Yeah, but I suspect the downsides caused by the lack of merging will
far outweigh wins from giving the hints to the I/O scheduler.
Separting things into two behavioural flags sounds like the the right
thing to me. Until that happens, I've dropped my proposed patch and
substituted a patch which allows the user to diddle the I/O priorities
of kjournald2 via a mount option so we can experiment a bit.
I agree that Andrew's long-term solution is probably the right one,
but there will be times (i.e., when we are doing a checkpoint as
opposed to a commit, or in a fsync-heavy workload), where we will end
up getting blocked behind kjournald, so upping the I/O priority really
does make sense. So a tunable mount option seems to make sense even
in the long run, since for some workloads we'll want to adjust
kjournald's I/O priority even after we stop normal (non-fsync) I/O
from blocking against the commit operation done by kjournald.

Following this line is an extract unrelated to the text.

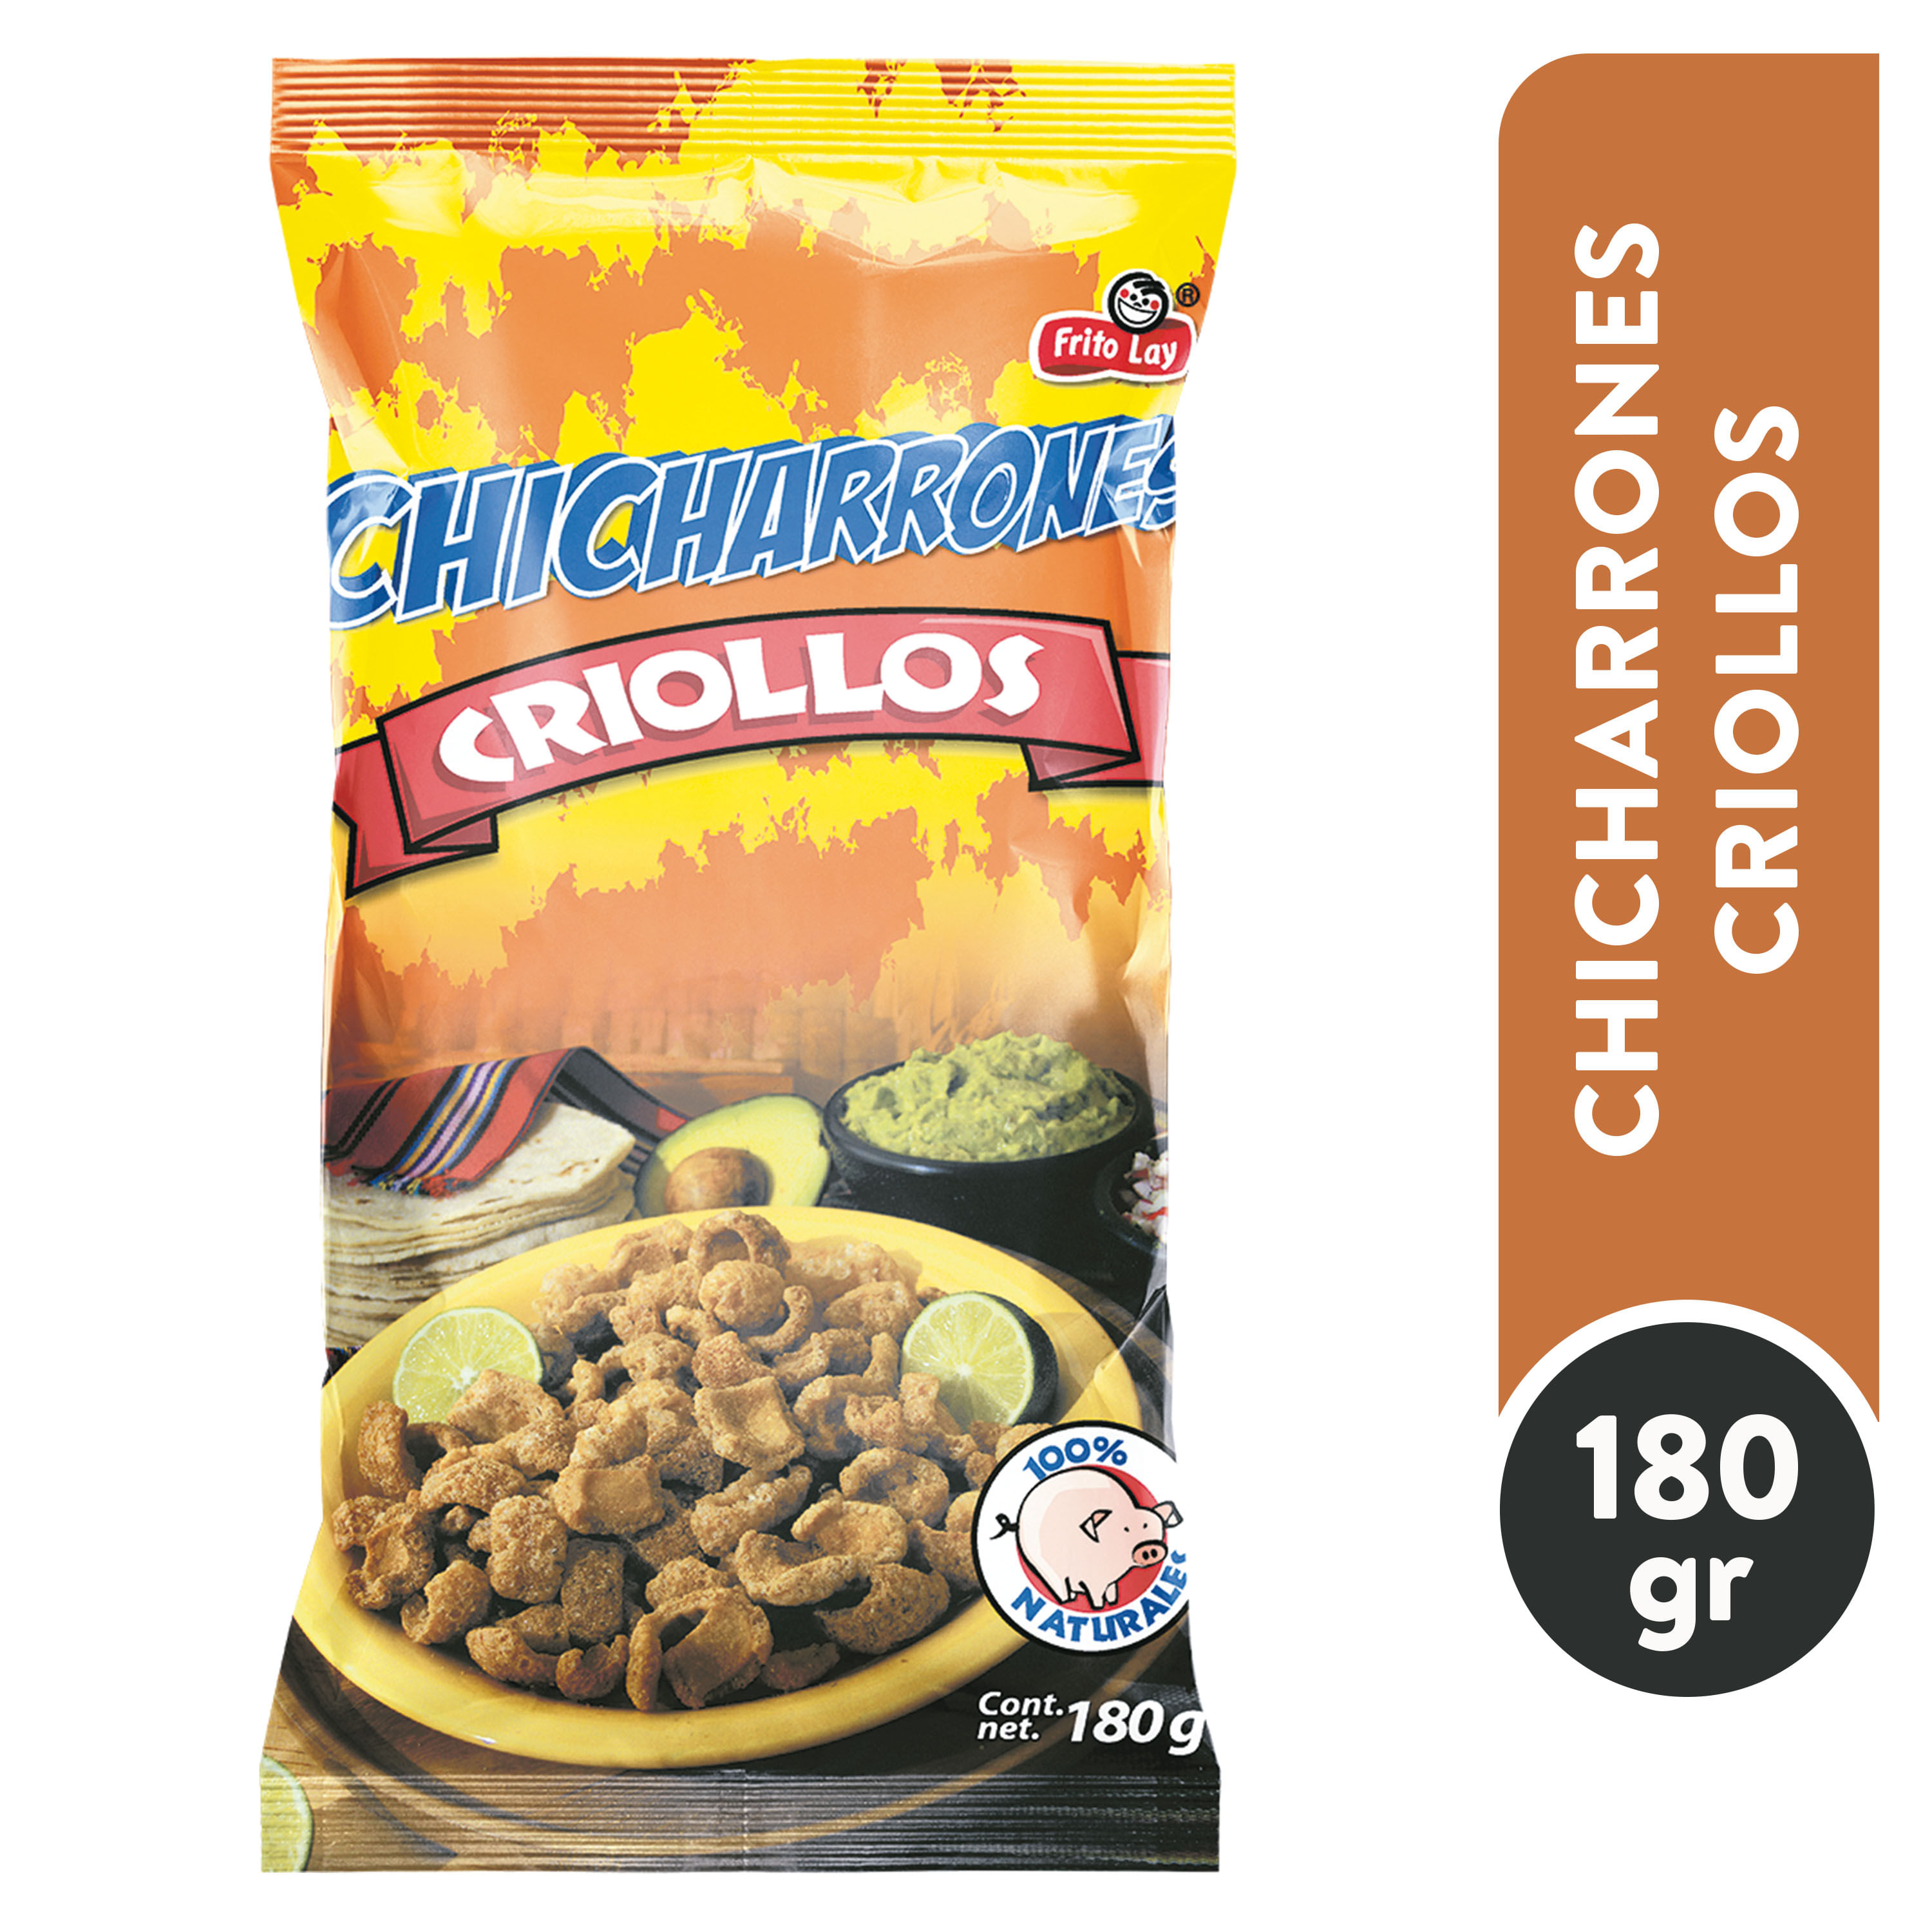 Snack-Frito-Lay-Chicharrones-Criollos-Originales-180g-1-13668

Jens, one question.... I came across the folllowing in blkdev.h:
__REQ_RW_SYNC, /* request is sync (O_DIRECT) */
Is the comment about O_DIRECT still relevant? I'm not sure it is.
Also, there's another confusing comment in bio.h:
#define BIO_RW 0 /* Must match RW in req flags (blkdev.h) */
#define BIO_RW_AHEAD 1 /* Must match FAILFAST in req flags */
^^^^^^^^^^^^^^^^^^^^^^^^^^^^^^^^
...
#define BIO_RW_FAILFAST_DEV 6
#define BIO_RW_FAILFAST_TRANSPORT 7
#define BIO_RW_FAILFAST_DRIVER 8
In fact, submit_bh() depends on BIO_RW_AHEAD matching with the
definition of READA in fs.h. I'm a bit confused about the fact that
we have both BIO_RW_AHEAD and BIO_RW_FAILFAST_DEV, and then in the req
flags in blkdev.h:
/*
* request type modified bits. first two bits match BIO_RW* bits, important
*/
enum rq_flag_bits {
__REQ_RW, /* not set, read. set, write */
__REQ_FAILFAST_DEV, /* no driver retries of device errors */
__REQ_FAILFAST_TRANSPORT, /* no driver retries of transport errors */
__REQ_FAILFAST_DRIVER, /* no driver retries of driver errors */
I assume when doing readhaead, we don't want to retry in the face of
device errors, which is why it's desirable for __REQ_FAILFAST_DEV
overlays with BIO_RW_AHEAD. But if that's the case, why are
BIO_RW_READA and BIO_RW_FAILFAST_DEV not mapped to the same BIO_RW_*
flag?
Am I missing something here? As far as I can tell nothing seems to be
using BIO_RW_FAILFAST_DEV. Is there a reason why it's not just
#define'd to be the same value as BIO_RW_READA?
Thanks, regards,
- Ted
^ permalink raw reply [flat|nested] 13+ messages in thread* Re: [PATCH, RFC] Use WRITE_SYNC in __block_write_full_page() if WBC_SYNC_ALL
2009-01-05 14:47 ` Theodore Tso
@ 2009-01-05 15:58 ` Jens Axboe
2009-01-05 18:47 ` Andrew Morton
1 sibling, 0 replies; 13+ messages in thread
From: Jens Axboe @ 2009-01-05 15:58 UTC (permalink / raw)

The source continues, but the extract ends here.